(SOURCE DATA begins)
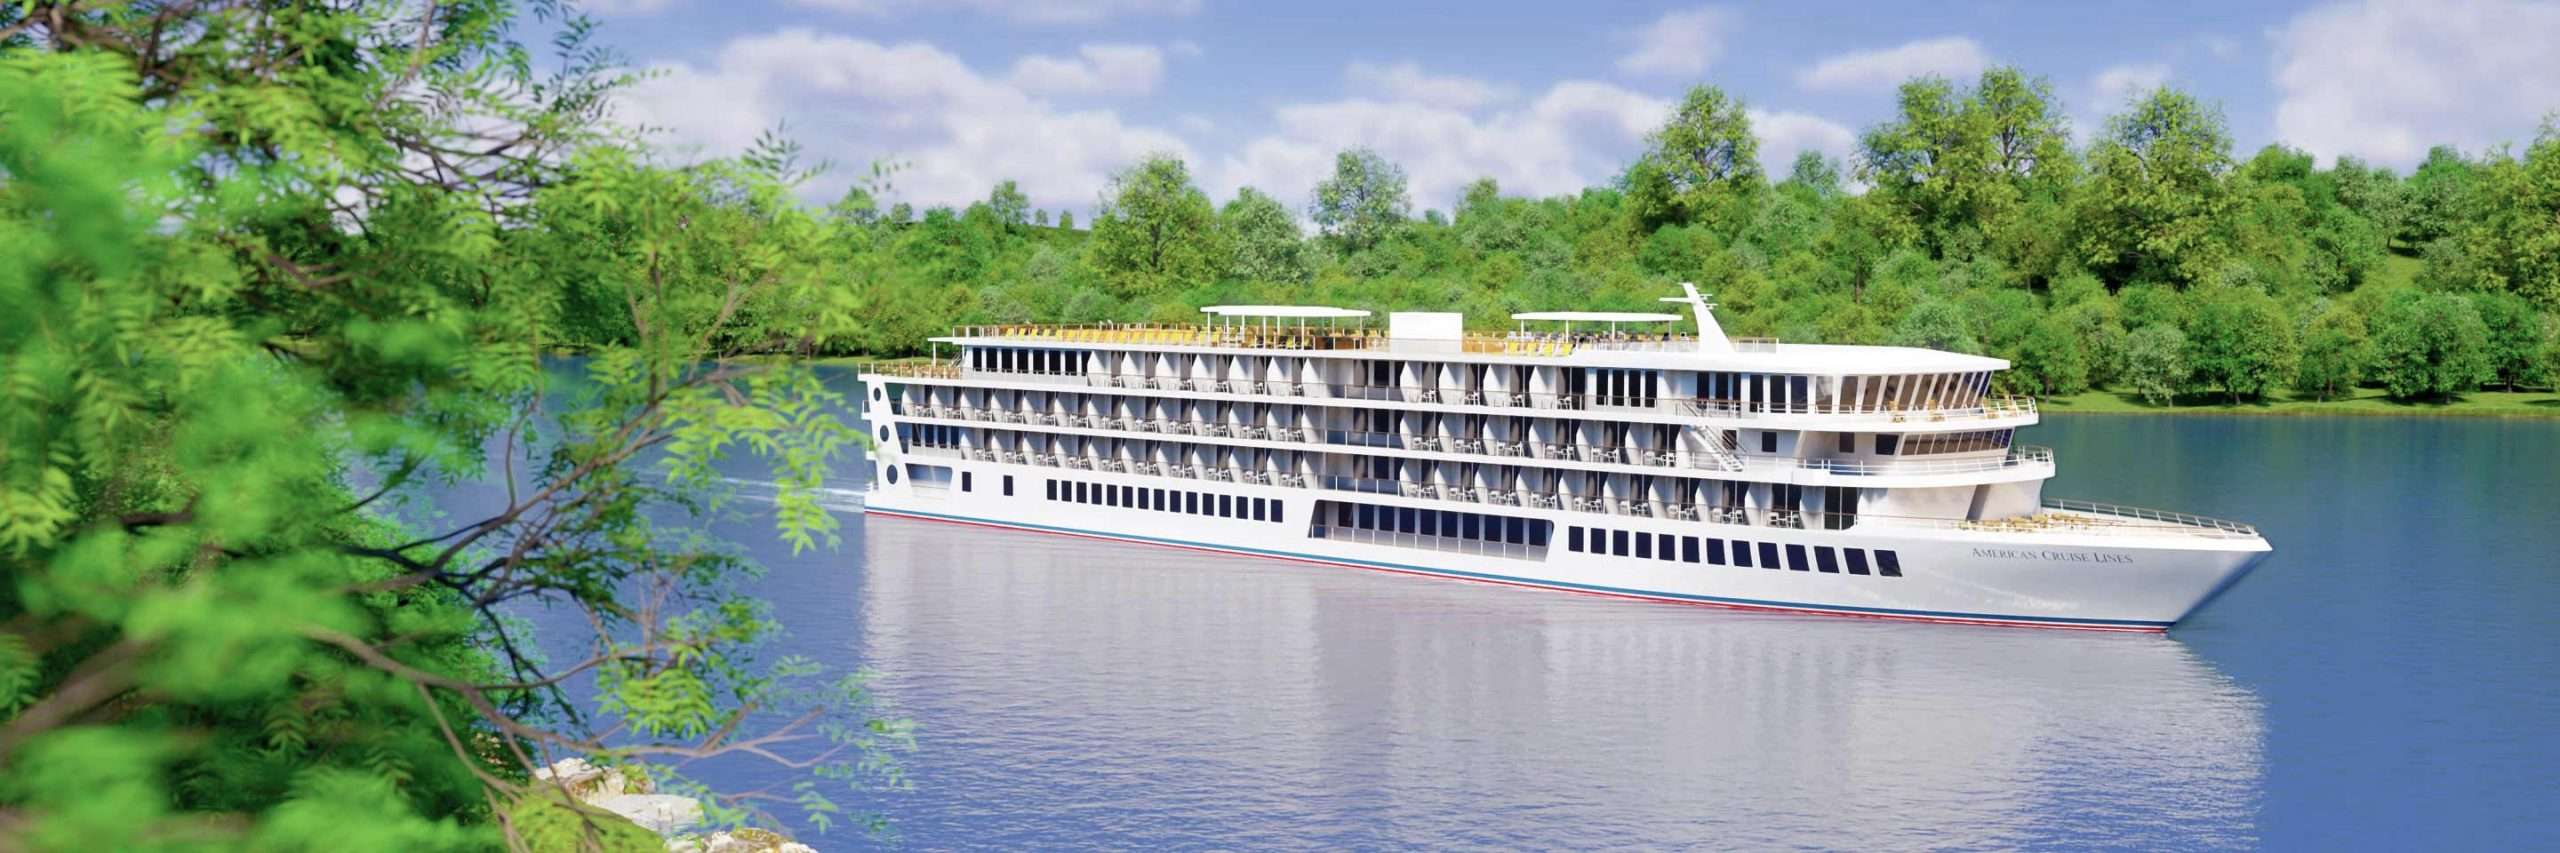 Best Mississippi Riverboat Cruises in 2020
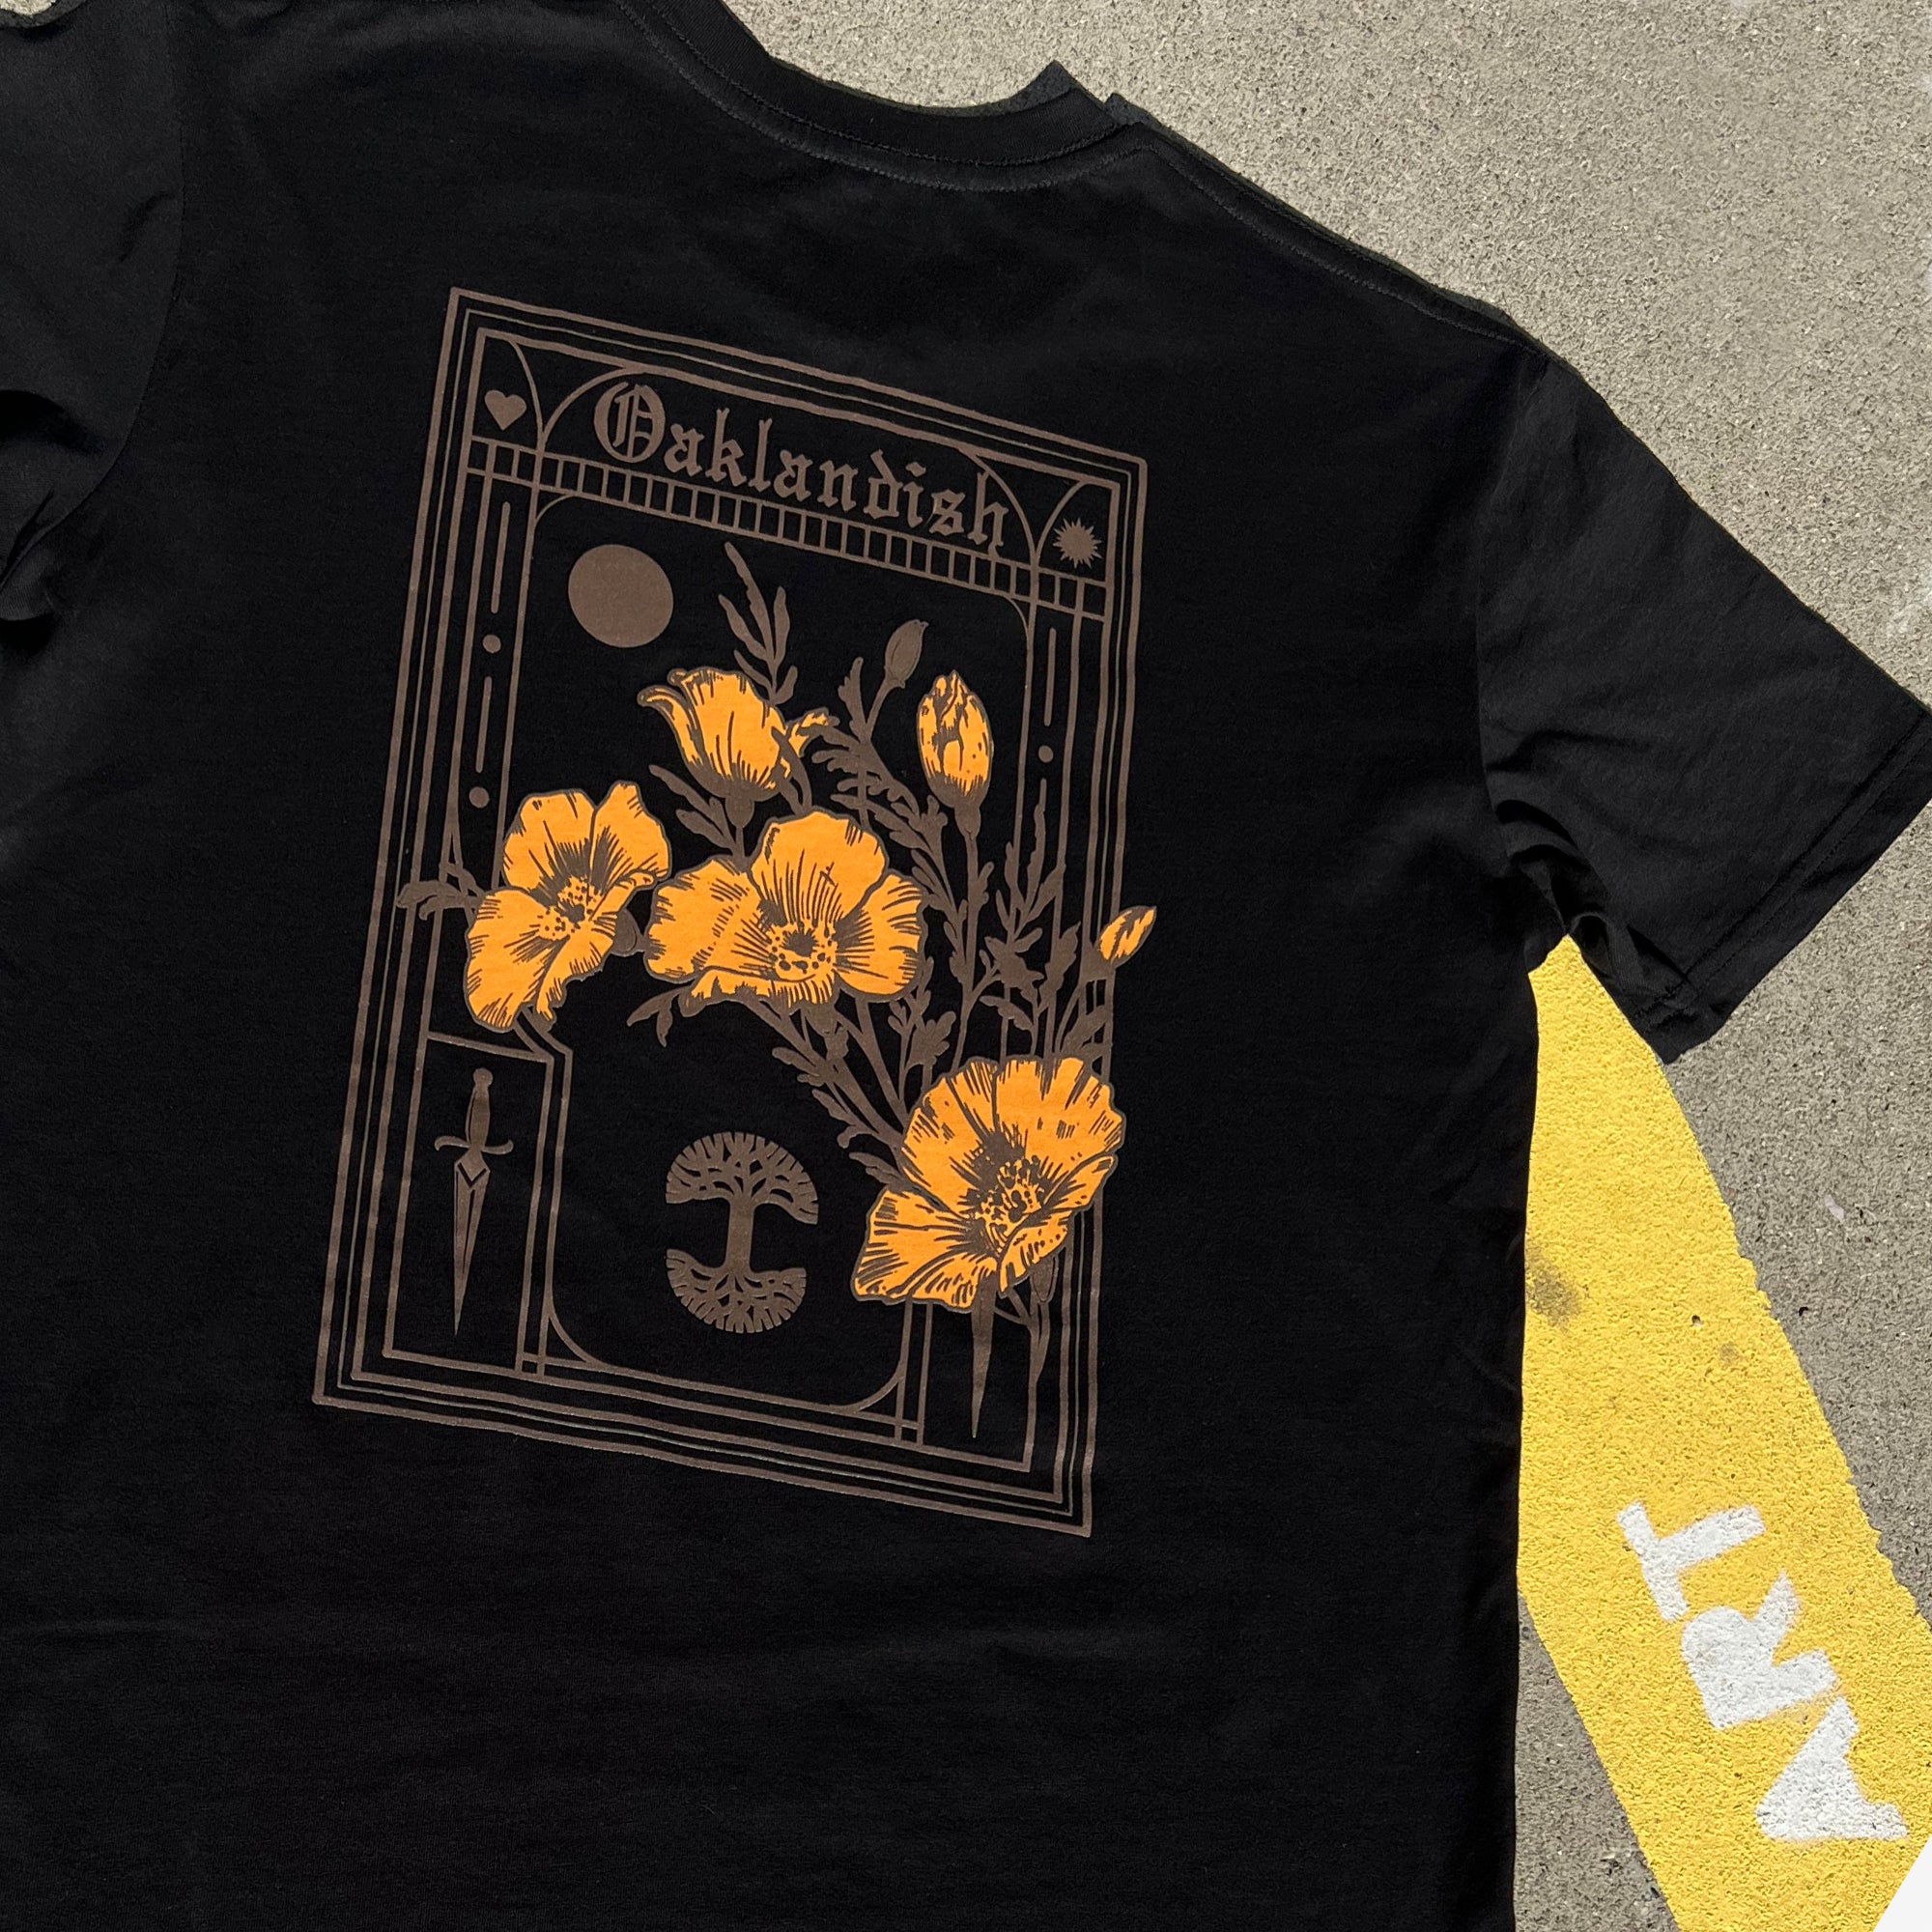 The back of a black cotton t-shirt with California poppies, an Oaklandish wordmark, and tree logo lying on the street.
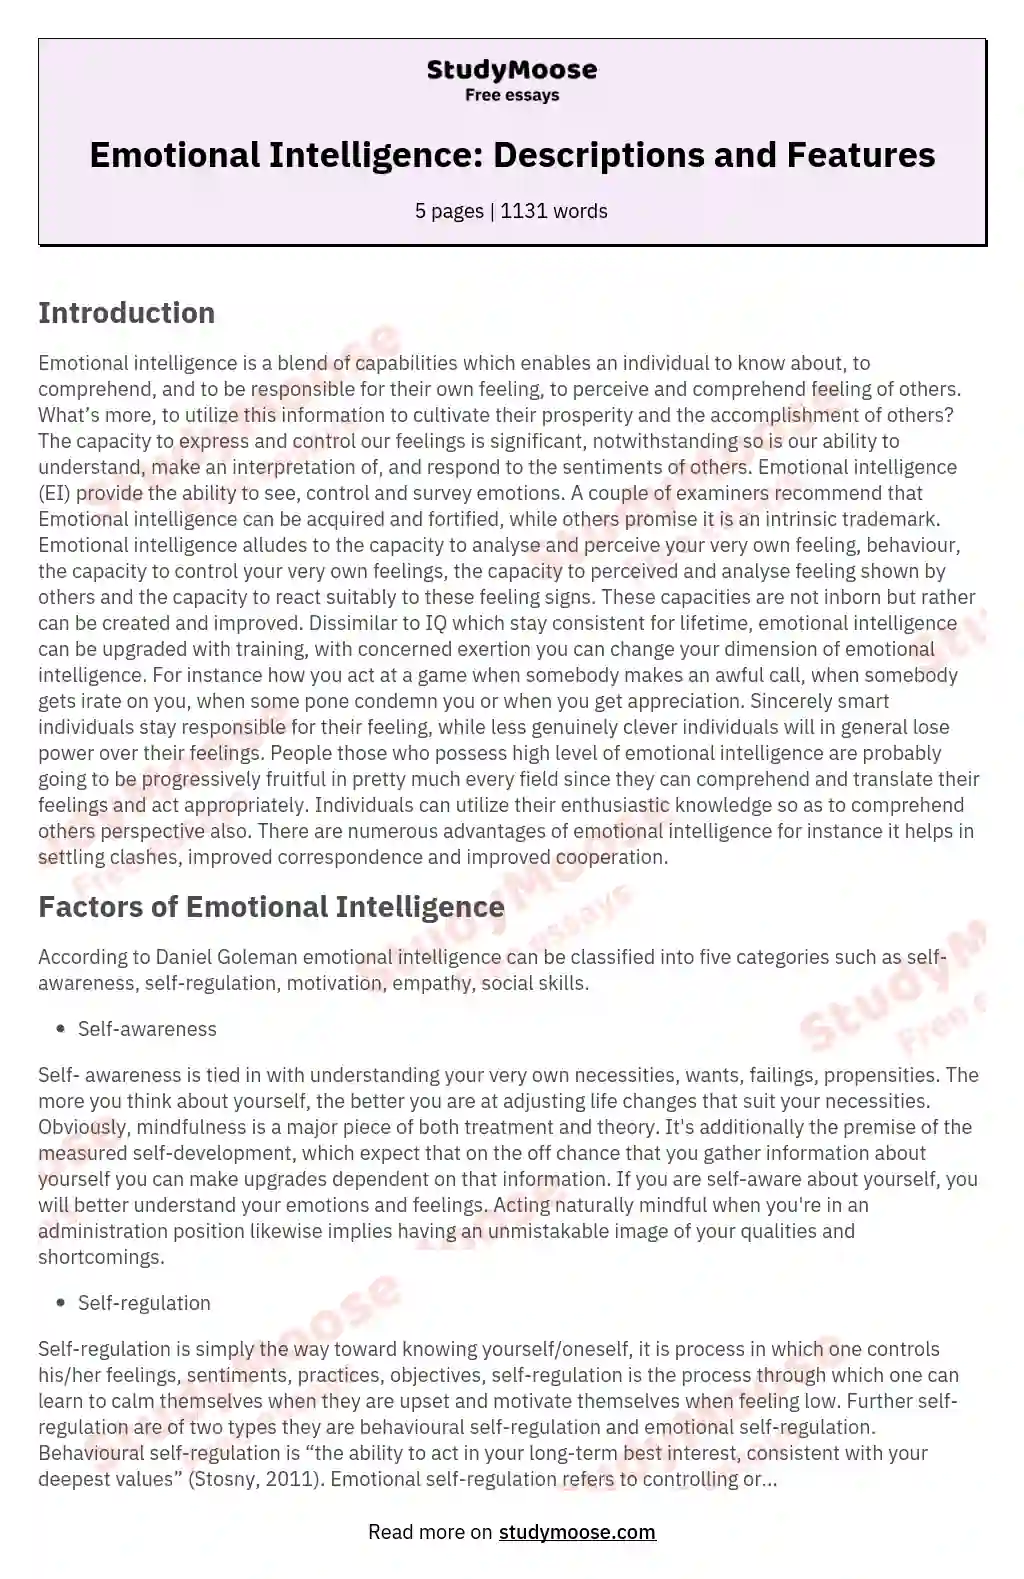 Emotional Intelligence: Descriptions and Features essay
(SOURCE DATA ends)
Your response must consist of the material above, reproduced word for word, with the images omitted.

RESULT BELOW »
 Best Mississippi Riverboat Cruises in 2020
 The back of a black cotton t-shirt with California poppies, an Oaklandish wordmark, and tree logo lying on the street.
 Emotional Intelligence: Descriptions and Features essay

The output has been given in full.